Nos levantamos a las 6 AM con el llamado de “coca tea!” de Wilfredo, nuestro Inca personal (bueno, el porteador encargado del coca tea). Salimos de nuestra tienda para encontrarnos con un día despejado y un gran cerro nevado al frente, una vista que dejaría a cualquiera sin aliento (y más a esa altura). Realmente el clima estuvo excelente durante todos los cuatro dias; tuvimos mucho sol y cielos despejados, y nos llovió solo en las noches cuando ya estabamos (semi) protegidos por nuestra tienda de campaña.

Empezamos la caminata con una pequeña subida hasta el pukara de Runkarakay (significa “ovoide” por su forma “ovoide”), donde Pepe Lucho nos dio una… de… sus… pausadas… explicaciones (kalachupi, Pepe!). Ahora seguía el segundo paso, más fácil que el primero, pero también bastante agotador. Creo que es una combinación de la altura, el cansancio de los músculos y un fuerte efecto psicológico de estar viendo siempre la cima a la que se tiene que llegar y sentir que no se avanza, lo que causa en general que se hagan tan cansadas esas subidas. Uno piensa que a la próxima vuelta ya va a estar el último trecho antes de la cima y siempre hay más y más (…excepto en el último).

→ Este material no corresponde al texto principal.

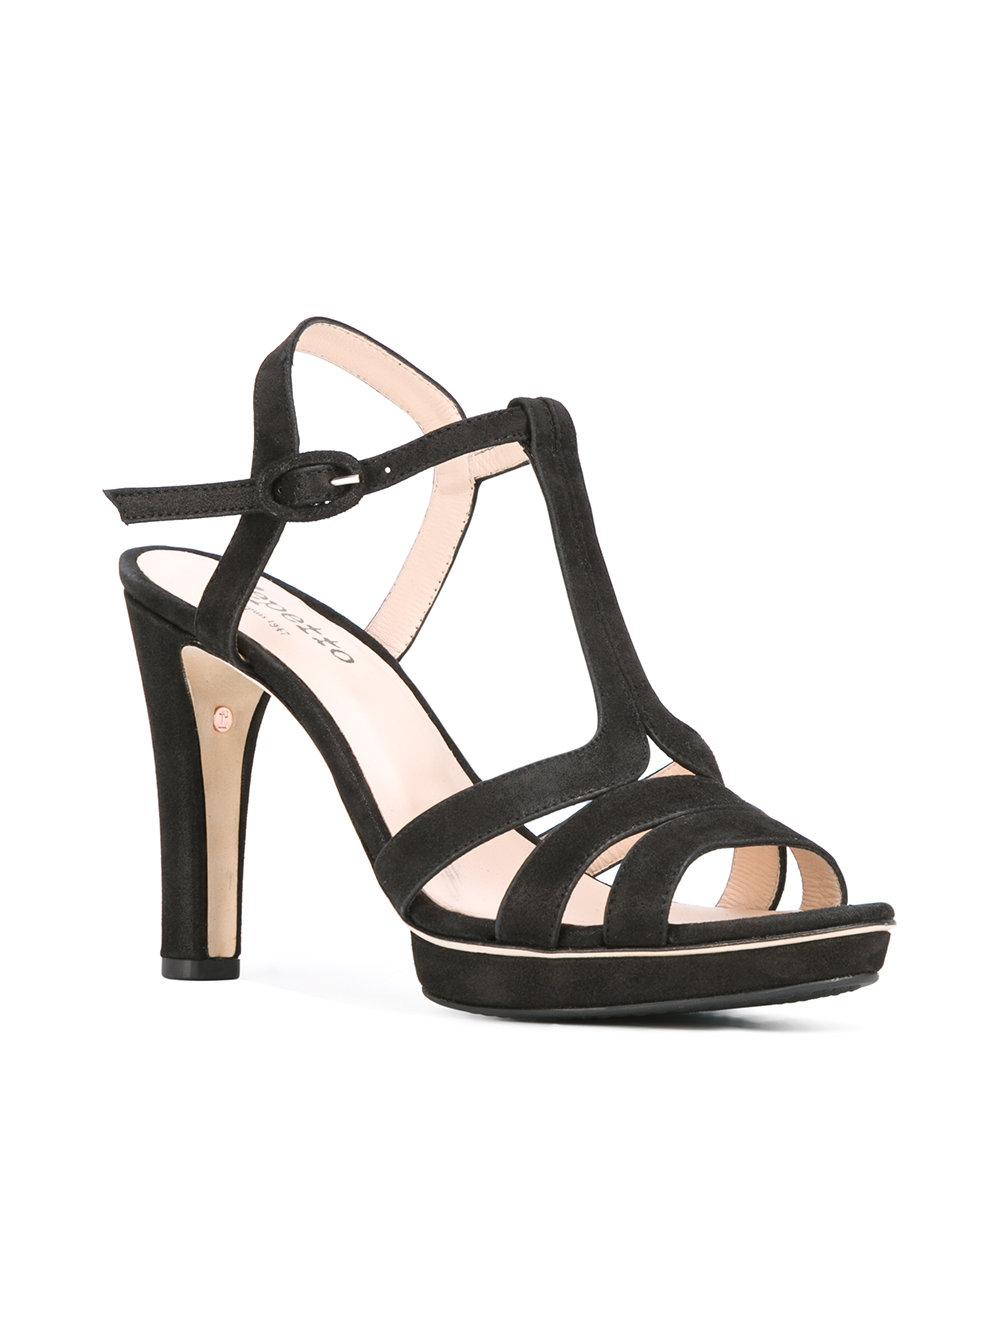 Chaussures repetto vente en ligne

La siguiente parada después del paso fueron las ruinas de Sayaqmarka, que servía también de pukara pero además era un sitio ceremonial. Faltaban unos 25 minutos bajando y luego subiendo a través de la selva antes de llegar al lugar del almuerzo. El espíritu inca se nos metió a todos esta vez y poco nos faltó para hacer todo ese tramo corriendo. Con la misma energía salimos después de almorzar y la próxima hora fue increíble; Tovi y yo íbamos rápido pasándole a varios grupos, y de repente escuchamos el familiar grito de “porteador!”. En un acuerdo tácito, los dejamos pasar y de inmediato nos pegamos a ellos, aumentando aún más nuestro ritmo y completando esa sección del camino todo a paso de porteador. Llegamos al tercer paso de primeros, y unos cinco minutos después apareció Carlos junto a Bego y Eduardo. Pasaron unos diez minutos más antes que apareciera el resto del grupo (hispanos a la cabeza!).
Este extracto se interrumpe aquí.